İşte bu defa hükümet ve PKK, karşılıklı olarak ateşkes durumuna geçmeli. Artık hükümetin, “Evet, biz de PKK’ye karşı operasyon yapmayacağız” diyebildiği bir ateşkes pozisyonuna geçilmeli.

Devletin, karakolu basıldıktan sonra PKK’ya karşı ateşkes ilan edebileceğini düşünmek sizce gerçekçi bir öneri mi?

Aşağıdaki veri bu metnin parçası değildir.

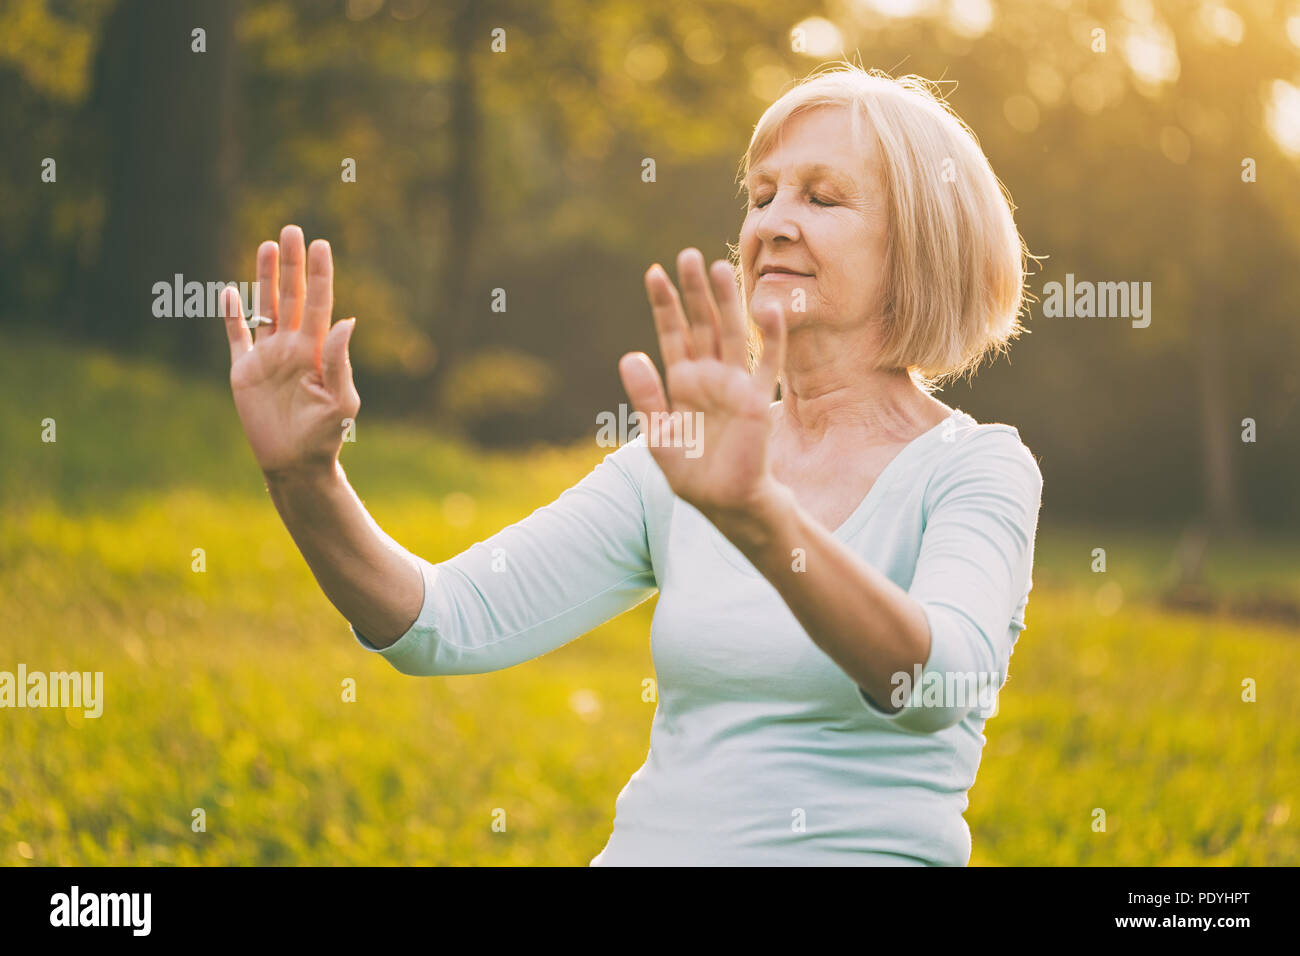 Senior mujer goza de ejercicio Tai Chi en la naturaleza.Imagen es intencionalmente tonificado. Imagen De Stock
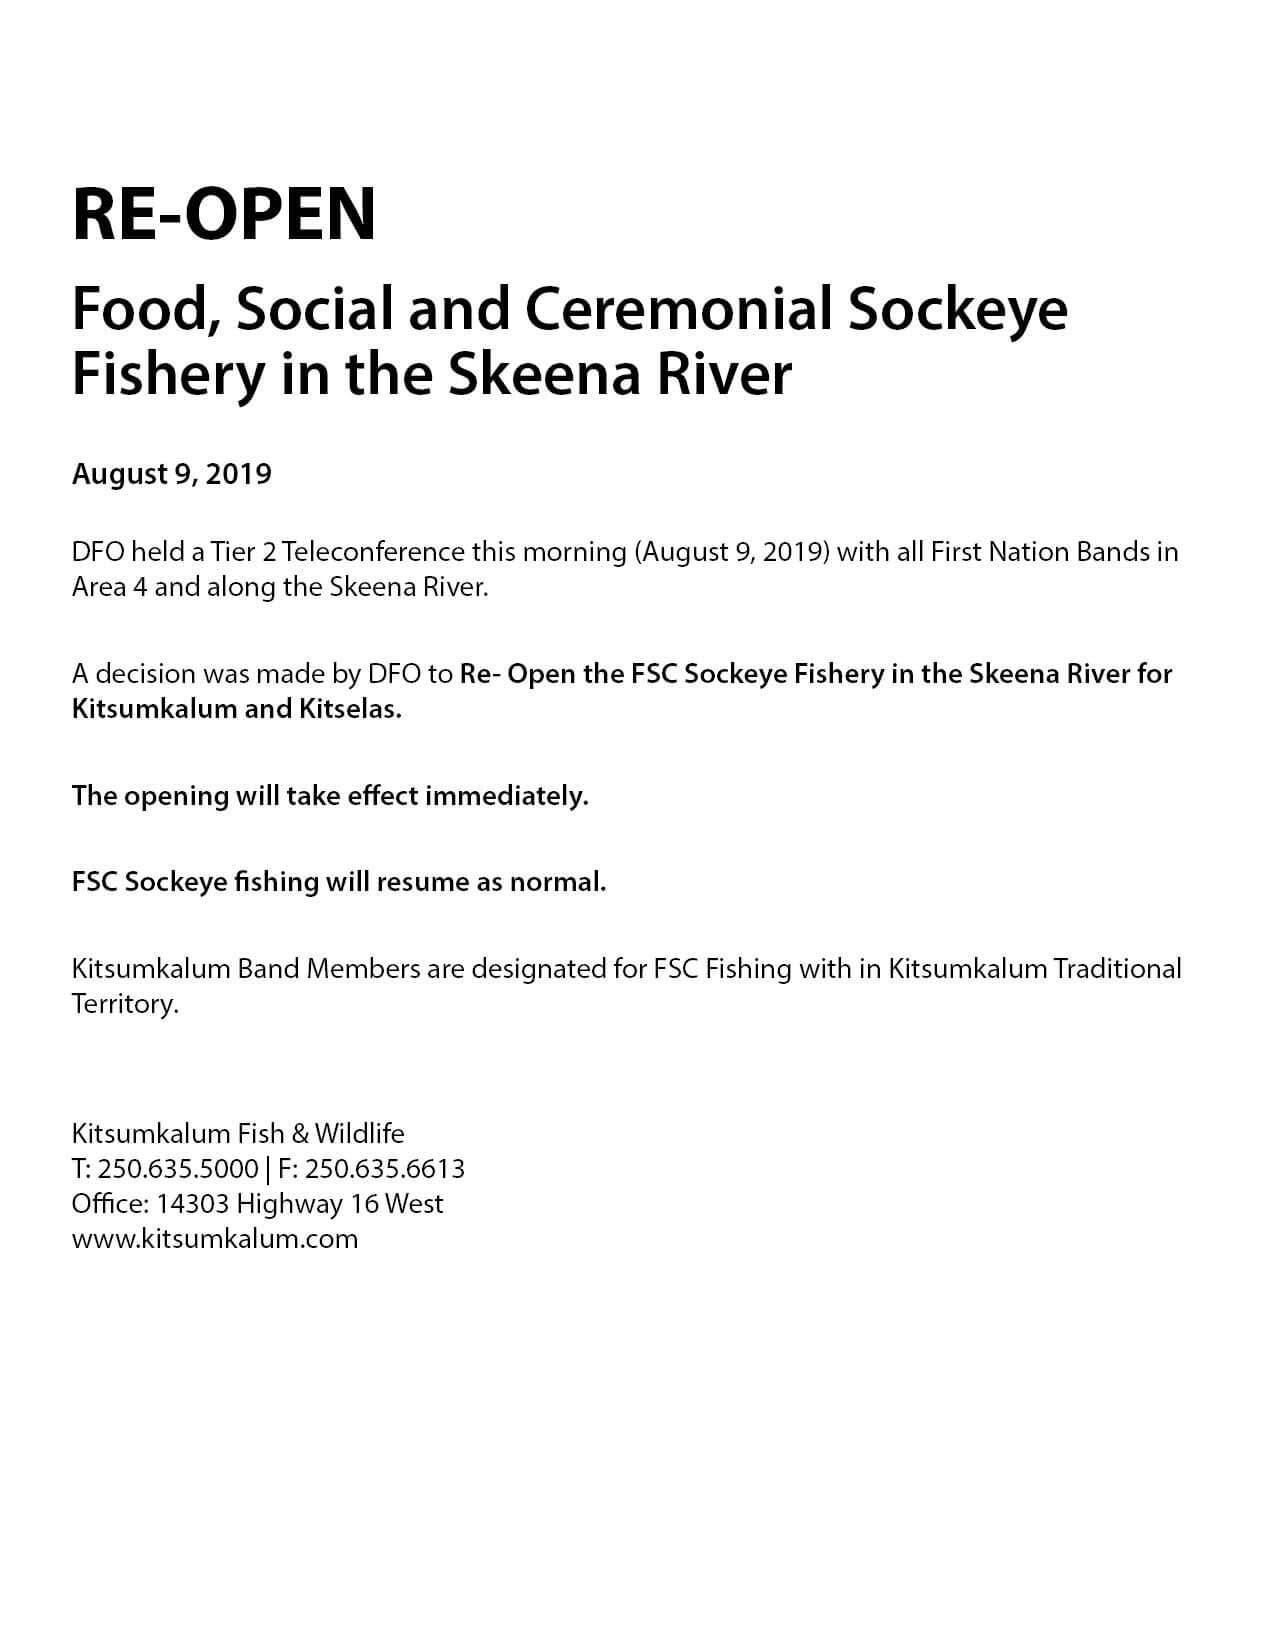 Tsimshian Environmental Stewardship Society (TESS

Başbakan’ın, “PKK silahları bıraksın, gelsin teslim olsun” çağrısından daha gerçekçi bence. Üstelik bizim önerimiz de siyasal bir projeyle birleştirilirse gerçekçi olur zaten. Biz bu önerimizle birlikte bir siyasi çözüm projesi de öneriyoruz. Çağrıyı yapıp oturmuyoruz. Yani sadece vicdanlarımızı rahatlatmıyoruz. Biz, yaptığımız çağrının altını dolduruyoruz.

Hangi önerilerle dolduruyorsunuz?

Eğer İmralı’da tecrit kaldırılırsa, müzakere ve diyalog süreci yeniden başlarsa, PKK silahlı eylemlerine son verebilir. Ordu da bu durumda operasyonlarını durdurabilir. Çünkü Başbakan, Meksika’dan yaptığı açıklamada “Evet biz de operasyon meraklısı değiliz. PKK silahlı faaliyetlerini durdurursa, silahı bırakırsa biz niye operasyon yapalım” dedi.

Başbakan, “PKK silahlı faaliyetlerini durdurursa” mı dedi? Yoksa “silahı bırakırsa mı” dedi?

Başbakan, silahı bırakırsa diyor ama ateşkesi kastediyor gibi geldi bana.

Aslında PKK’nın böylesine büyük bir saldırısından sonra ilk kez devlet sert bir dil kullanmadı. Aksine barışa yatkın bir dil kullandı. Siz de bu tesbite katılıyor musunuz?

İşin doğrusu, bu kez intikam naralarından ziyade meseleye daha serinkanlı bir yaklaşım sezinledim ben. Fakat bu tavır beraberinde güçlü bir barış arayışı getirir mi, onu kestiremiyorum, bilemiyorum. Hükümet çevreleri, özellikle son altı yedi aydır, PKK’nin altı aylık ömrünün kaldığına, Sri Lanka modeliyle PKK’nin bitirileceğine inandırılmıştı. Bunu, milletvekili danışmanı da dâhil olmak üzere Başbakan’ın danışmanları, analistler, stratejistler bizzat gazetelerde yazdılar. Hatta bizim görüştüğümüz bazı bakanlar da bunu söylediler.

Siz hükümetle en son ne zaman ve kimlerle görüştünüz?

En son mart ayı başında BDP’nin eşbaşkanları olarak Gültan Kışanak’la ikimiz bir bakanla görüştük. Ona, “AKP ve BDP heyetleri masada otursunlar, neler yapılabileceğini tartışsınlar” dedik. Bakan bize, “Devletin verilmiş kararları var. Biz yürüttüğümüz konseptin doğru olduğunu düşünüyoruz ve kararlıyız. Askerî operasyonlar devam edecek” dedi.

Konsept neymiş?

Askerî operasyonlar, KCK operasyonları, medya üzerinden psikolojik savaş! Bir bütün olarak örgüte nefes aldırmama politikası kısacası. Bakan, “Devletin içinde bu güvenlik politikasının başarılı olduğu düşünülüyor. Gene de sizin bu teklifinizi Başbakan’a ileteceğim ve sıcak karşılanırsa size hemen geri döneceğim” dedi. O bakan hâlâ bize geri dönmedi. Aslında kendisi kişisel olarak bizim önerimize soğuk bakmıyordu.

Kim bu bakan?

Adını vermeyeceğim. Biz ona şöyle demiştik: “Aradan aylar geçecek. Gene yüzlerce, binlerce genç ölecek. Biz geriye bakacağız ve bu görüşmede niye sonuç almadık? Bu kadar genç niye öldü diye vicdan azabı çekeceğiz” dedik.